Net Zero E-conomy 2050: Decarbonisation roadmaps for Europe: focus on Italy and Spain
“Net zero E-conomy 2050 - Decarbonisation roadmaps for Europe: focus on Italy and Spain” has just been presented at the Forum held at Villa d’Este in Cernobbio (3 September). The study shows that a powerful commitment towards decarbonisation objectives would offer greater benefits in terms of economics, employment and energy independence at a European level, when compared to low-ambition scenarios. The key findings of the study, carried out by Enel Foundation and The European House Ambrosetti, in collaboration with Enel, are:
1. To contain global warming, a paradigm shift in the energy system is necessary. To achieve this, the European Union has set the goal of becoming “climate neutral” by 2050. Italy and Spain need to speed up on decarbonisation to prevent the risk of significant delays in meeting the 2050 decarbonisation targets.
To reach ambitious climate targets, it is necessary to electrify final consumption as much as possible and encourage the massive deployment of renewable energy capacity and smart power networks. Along with climate/environmental imperatives, the need to rethink our energy system has been exacerbated by the current energy crisis triggered by the international geopolitical tensions linked to the Russian-Ukrainian war.

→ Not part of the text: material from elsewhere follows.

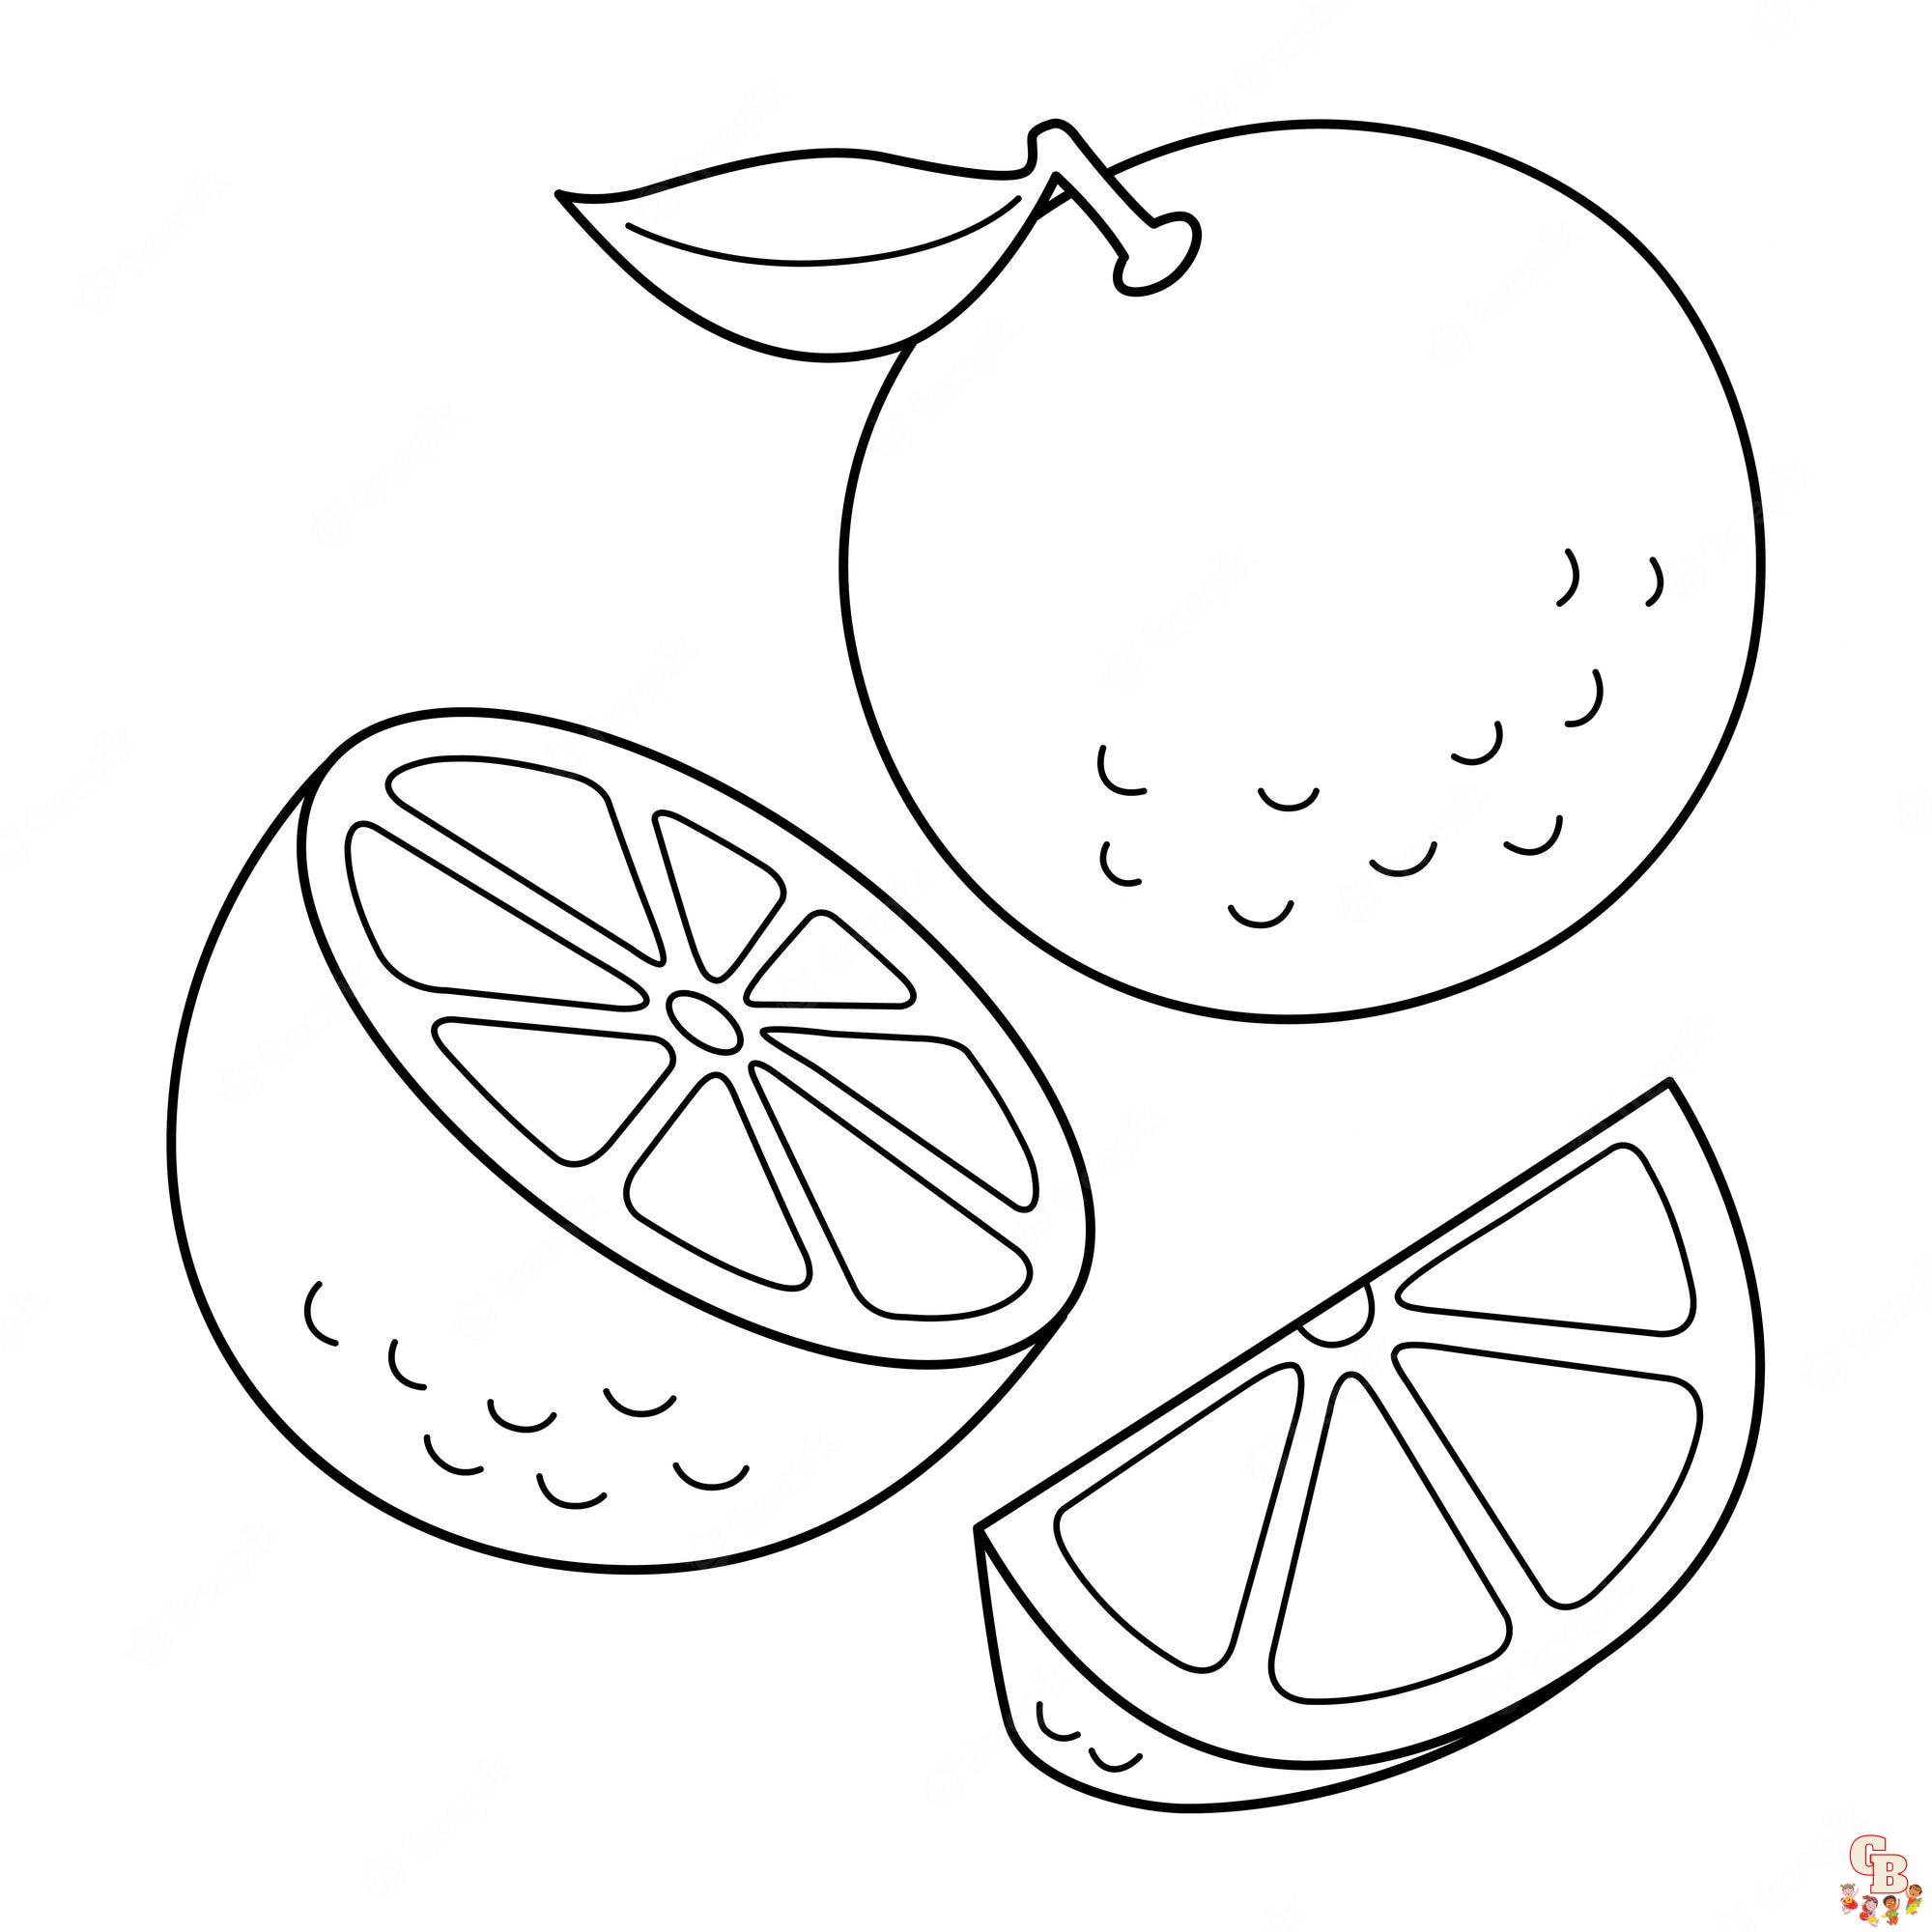 Fun and free orange coloring pages for kids

Even before this conflict, to respond to the climate threat, the European Union set itself the goal of becoming “climate neutral” by 2050 in its Climate Law. This also includes the intermediate step necessary to achieve net zero emissions by 2050: to keep pace with the 2050 final goal, in 2030 GHG emissions need to decrease by 55% with respect to 1990 levels. In July 2021 the European Commission launched the “Fit for 55” package of proposals which includes the Climate Law’s GHG emissions reduction target, a review of the EU Directive on Renewable energy sources (RES) and the Directive on Energy efficiency.

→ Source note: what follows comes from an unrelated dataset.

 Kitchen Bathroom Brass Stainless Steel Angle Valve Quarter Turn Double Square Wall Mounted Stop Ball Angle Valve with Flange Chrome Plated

Looking at Italy and Spain, both countries register some criticalities with regard to the main energy transition levers. For example, considering RES, Italy is still a long way off from reaching the 2050 target, with a gap of 60.7 percentage points. The country also needs to accelerate in terms of energy efficiency and the reduction of gross GHG emissions.
Likewise, for Spain, RES penetration projection suggests that delays are already marked in the short-term, and reach a shortfall of 53.5 percentage points for 2050. However, if the year 2020 is also included in the analysis (a year in which there was a significant increase in the growth of renewables in the country), Spain will overperform its 2050 policy target. Looking at energy efficiency and GHG reduction, in Spain the gap between the inertial trend and the 2050 targets is broadening over time, with insufficient results achieved in both areas.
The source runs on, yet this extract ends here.